The new normal is forcing organisations to revamp their unnecessary marketing business functions. Time and again, with the first signs of any crisis, marketing budgets are the first places to look for the thinning.
Are you committing any of these seven deadly sins? Repent, before your marketing function falls foul of budget cuts…
Sin 1: Telling the wrong story
Narration of a fact-checked, relevant and fantastic story enables marketers to enliven a great bond with the market. Copywriting is an essential human experience that strengthens minds.
Historically, storytelling has been the preferred medium used by humans to talk, share, educate and foster connections. To cite an example, think about Suburu’s ads which orchestrate ‘love’ through a well-woven storyline that invigorates a sense of caring for your loved ones, all through a car advert!
Excellent narration of your brand story acts as a powerful advocate for learning. As marketers, we should always strive to understand more about the realm that we thrive in, the people whom we are marketing to and the brands that we are representing. As humans, we learn through experiences, digest it with our perception and subsequently share these experiences through well-crafted stories. The narration also gives marketers an assortment of entry points into your brand. Some resources to learn the art of storytelling:
- Nancy Duarte: How to make a great impression
- Andrew Fitzgerald: Adventures in Twitter Fiction
- StoryCenter Blog: Listen First, Tell Later
- Brand Storytelling Lessons from the Content 2020 Project
- 7 Basic Types of Stories: And what you can learn from them
- Duarte: Slidedocs, Spread ideas Visually
- Seven Myths About Transmedia Storytelling Debunked
- Andrew Stanton: The Clues to a Great Story
- Find the Heart of Your Brand Storytelling with These 6 Questions
- Get Storied Manifesto: Building your story
Sin 2: Not being data-driven
With plummeting marketing budgets and value-driven focus increasing, marketers need to leverage the extensive data banks which are available through their campaigns. Data-driven insights from these campaigns help marketers to understand better the customers they are serving, their brand value, reach and impression in their target market.
Furthermore, data-driven decision making is imperative when it comes to changing the course of your actions, find gaps in the messaging and fix it all in real-time with minimal disruptions to the campaign performance.
Sin 3: Ill-defined designs
The secret sauce driving every lucrative marketing campaign is design. Design for a marketer intends to effectively communicate and fortify your organisation’s branding with the core messaging of the campaign in tandem.
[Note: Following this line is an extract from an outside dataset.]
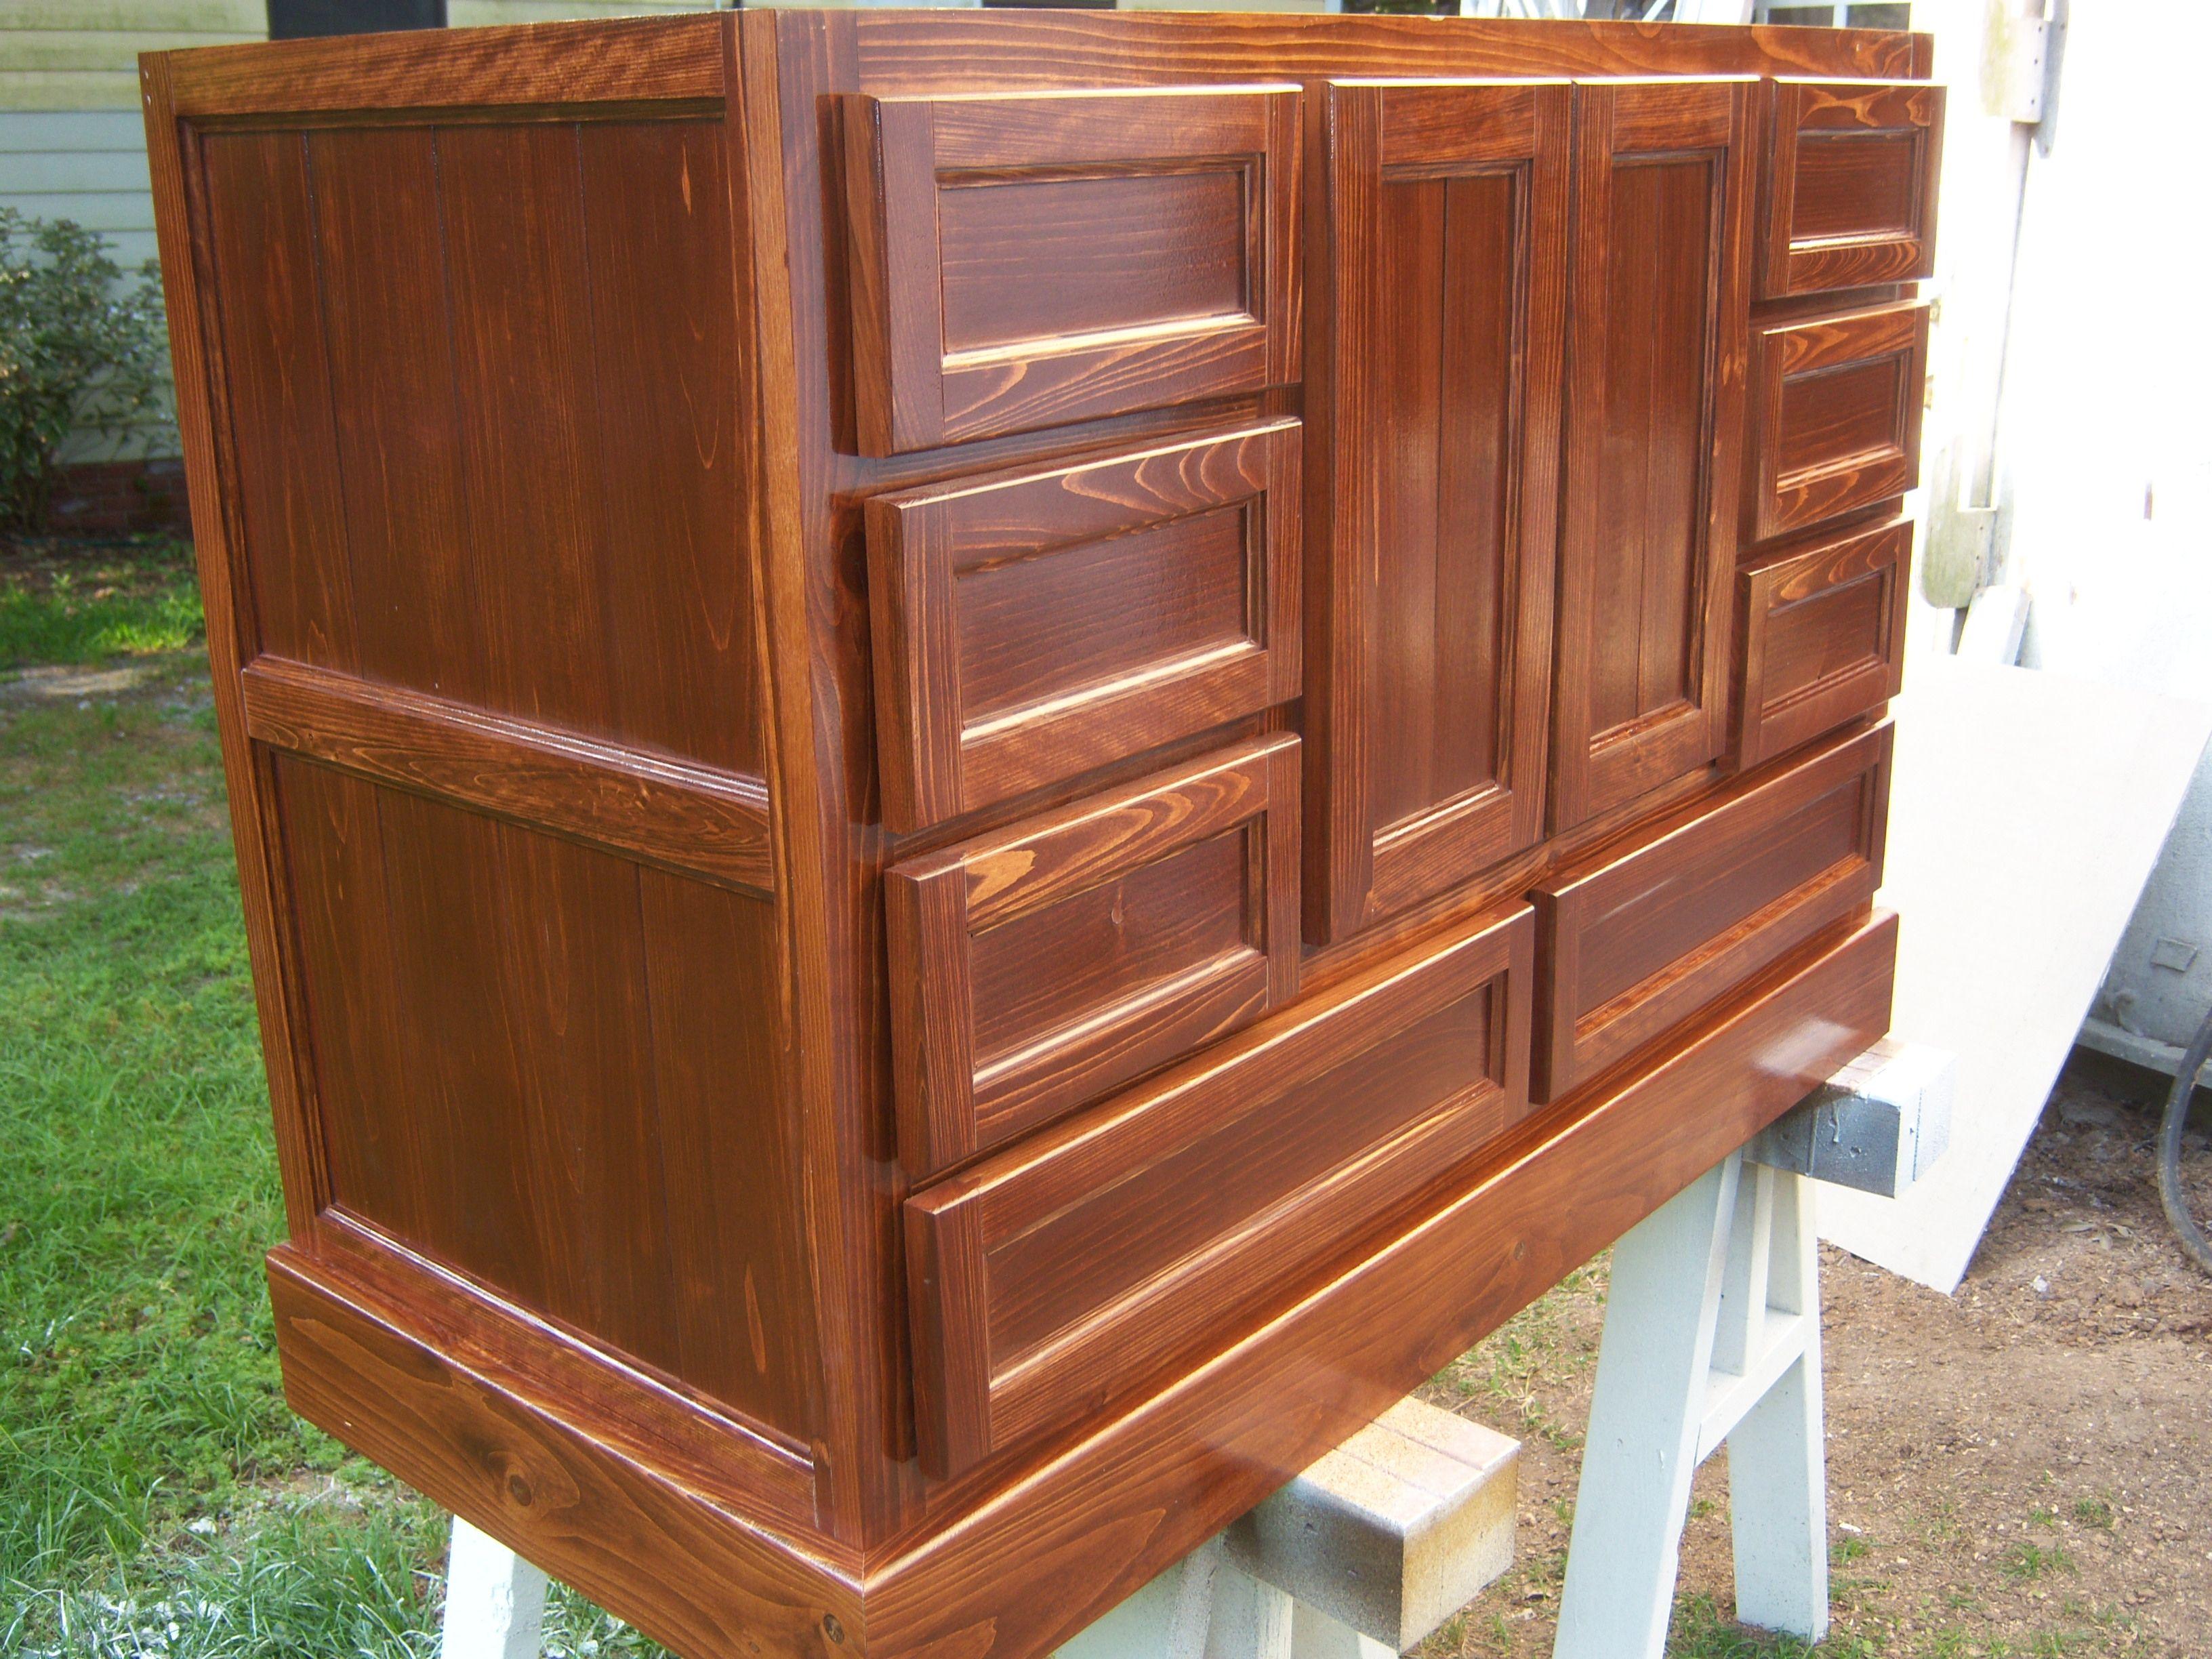 Cypress vanity cabinet | Cypress wood, Wood cabinets ...

Every single speck of marketing material shipped out to the end-user speaks volumes about your enterprise’s brand story. If marketing is considered as a ship, designs are the one sailing your boat. To get this done, design entices your customers to:
- Be told a unique story
- Fortify the core messaging of the campaign
- Increase integrity
- Makes the brand messaging easily understandable
A core design principle is to make sure that the entire message appeals to the eye of the end-user. Put yourself in the shoes of whom you are designing it for. The design needs to take into account the age, responsiveness, factor of appeal and the end goal which your campaign wants to achieve. There are many ways to unlock your creativity and add fuel to your design-centric marketing fire, a few of which are listed down below:
Sin 4: Being analog in a world of technology
To stay relevant in a hyper-connected world; understanding, organising and measuring are imperative for every campaign. From the automation of redundant processes, understanding customer touch-points to collaborating with your product teams, technology has engulfed every single sphere of a marketer’s life.
Sin 5: Misdirected industry knowledge
Marketers cannot be the expert navigators of choppy industry seas unless they have a robust understanding of their product, target market and the business scenario. As an example, a marketer of printing solutions should be able to write the content for the product without any help. To understand how to achieve this goal, today’s marketer needs to wear the hat of a strategist. They need to be as close as possible to the market and product which is being shipped out from their mailboxes.
How do we do this? Listen carefully to the board meetings, sit in with the product teams, talk to existing customers, read more, absorb even more and talk less. Buy a coffee for the technology team member, listen carefully to what they have to say for the product that they have built from scratch.
Sin 6: Wrong Budgets
Do you understand the budgets that are being given to you and your team? It is impossible to build a rocketship (marketing example: $500 spend on YouTube ads) when you have been given the budgets to build a model aeroplane (marketing example: Simple eMail campaign).
How do we do this? Stay consistent and well within the limits of the resources being provided to you, understand where the decision-makers want the most value out of the spend and invest your energy, time and of course, the dollars on the right channels.
Sin 7: Incorrect Strategy
Historically, relevant and comprehensive marketing campaigns have failed to perform because they were not following the right strategy. As we turn our page on the final sin, the rudder of any marketing ship is its strategy. Put on your strategy hat and think back at the bigger picture, ask these simple questions:
- Is this the right channel to reach the customer?
- Do I know what I am trying to make someone else understand?
- Would I buy the product (or service) if I see this campaign?
- Would my grandmother understand what I am trying to say here?